Today, each git repository hosted on gitlab.com is stored on exactly one storage node. Specifically, it is stored on an ext4 filesystem backed by one Google Cloud persistent volume. We take GCE snapshots of that volume every 4 hours, which are used for recovery in the event of volume loss (a rare event on GCP), and also for restoring accidentally deleted files.
The data in the snapshot are not guaranteed to be consistent while processes are still writing to the volume being snapshotted. Also, Creating GCE disks from these snapshots is a slow process.
In the event of volume loss we could stand to lose up to 4 hours of writes, but in practice, this is unlikely due to the existence of our disaster recovery (DR) environment as a GitLab Geo.
This project aims to improve our mean time to recovery (MTTR) and recovery point objective (RPO) when restoring accidentally deleted git repository data. ZFS snapshots are fast to create, cheap to store (due to its copy-on-write semantics) and are guaranteed to be consistent. This goal fits into the FY20 Q2 infrastructure team OKR “Drive all user-services MTTR to less than 60 seconds”.
It is sometimes desirable to use a realistic, production-sized dataset for testing. Taking consistent ZFS snapshots will help us achieve this goal.
The Adaptive Replacement Cache (ARC) that ZFS makes use of offers potential performance improvements over our current configuration. In addition to the level 1 (memory) ARC, we may be able to attain further performance improvements by adding a level 2 ARC on local SSDs that are attached via NVMe.
Having recent, guaranteed consistent snapshots is also a step towards improving our MTTR and RPO for disaster recovery, although we won’t reap the benefits of this until we ship these snapshots somewhere other than the same persistent disk that be the subject of the disaster.
Improve I/O throughput and reduce disk space required through the use of ZFS native compression.
ZFS was previously investigated as a potential solution to backing GitLab services and we believe that it is a good solution to solve the problems described above. In particular, the ZFS features that we believe will help us achieve our this project’s goals are fast and cheap snapshot+restore, the ARC, and native compression. ZFS provides many features such as disk-level redundancy (RAIDZ) and error correction from block-level corruption but we do not anticipate needing to take advantage of these features (see the non-goals section).
High availability with regard to single-volume failure. We are satisfied that this is too rare an event for GCE persistent disks to attempt to improve.
Error correction from block-level corruption (bit flipping). We are satisfied with Google’s guarantees on persistent disk data durability.
High availability with regard to virtual machine failure. There is ongoing work on Gitaly HA features that will enable this.
Replace PD-SSD disk snapshots for longer-term recoverability.
Changes to disaster recovery MTTR or RPO, where a disaster is the irrecoverable loss of a GCP region, including volume data. We rely on our DR environment as a Geo backup in these cases.
Zero-downtime migration at the individual repository level. We will aim to make use of a GitLab API that moves a repository between shards to perform the migration, and will first investigate the downtime consequences and consistency guarantees of this API.
Infrastructure automation for obtaining realistic, production-sized test data sets. Further work should be able to build on this project to do this.
ZFS is a versatile but complex filesystem. We will have to undertake work to observe and tune its behavior so as to optimize it towards our workload.

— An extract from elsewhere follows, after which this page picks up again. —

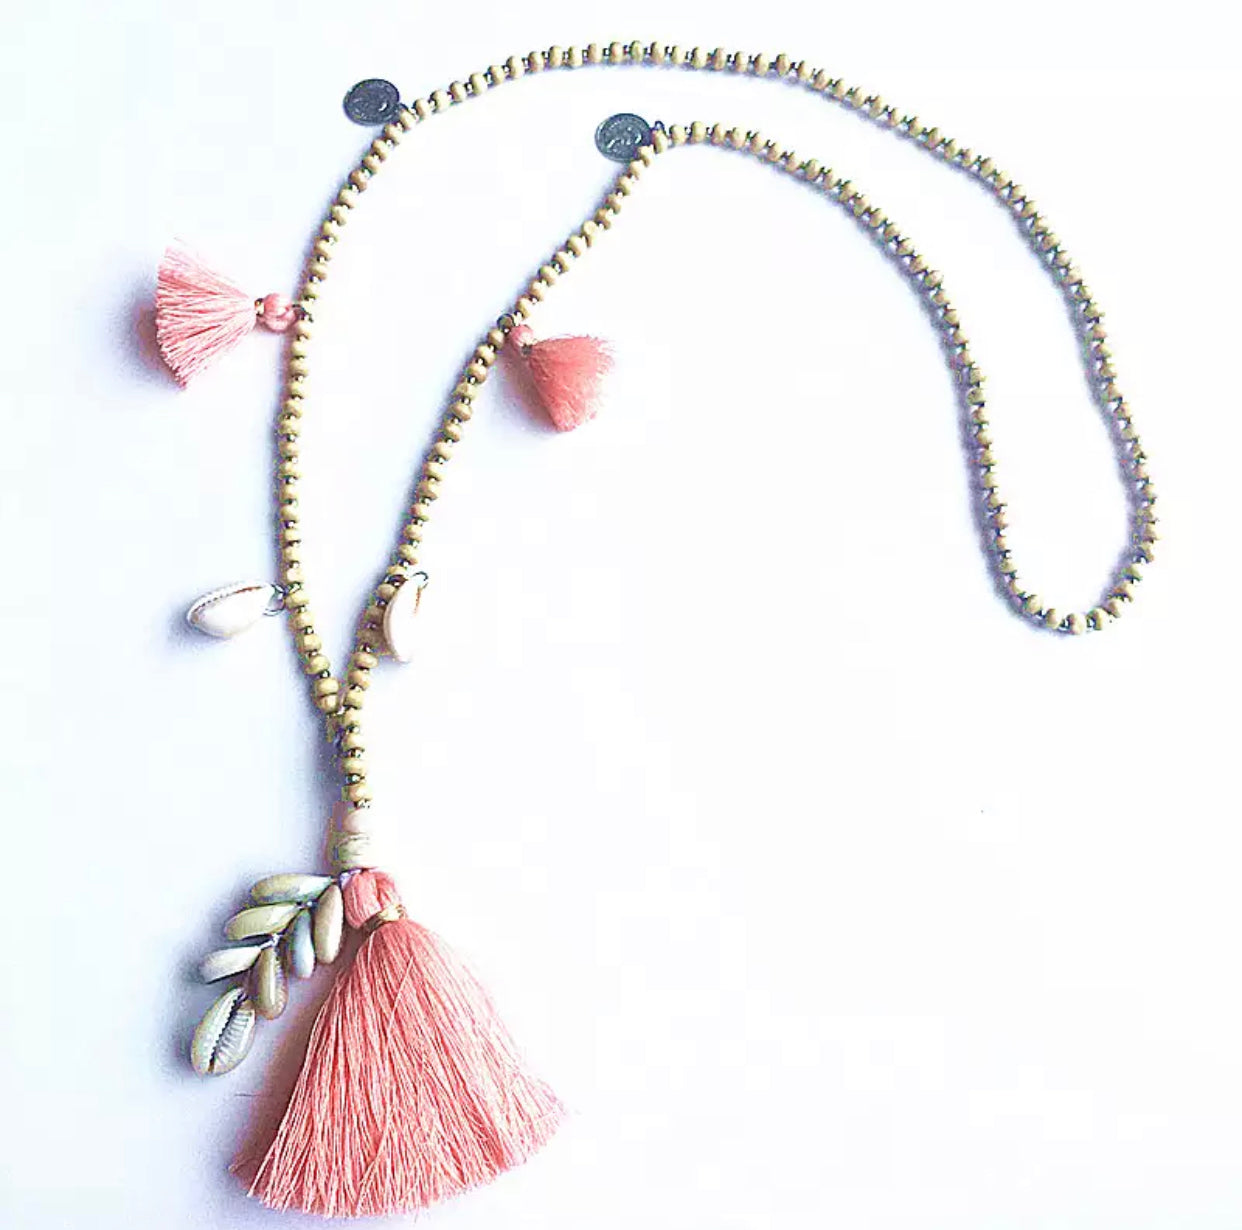 Wooden Beads Necklace with Cowry Shells and  Peach Cotton Tassels

Some mistakes in ZFS setup (such as recordsize, and other configuration options that cannot easily be changed) will require a reset of the pool with all of its data forcing another migration.
When git-gc runs, it repacks the whole repository into new files. From a storage point of view, this may cause ZFS to provision new blocks. If the old blocks are still referenced by an existing snapshot then we must have enough storage to account for this. We will need to investigate how much extra storage we will need for this. This is dependent on the size of the repositories and the frequency with which git-gc is run relative to snapshot retention time. See this post.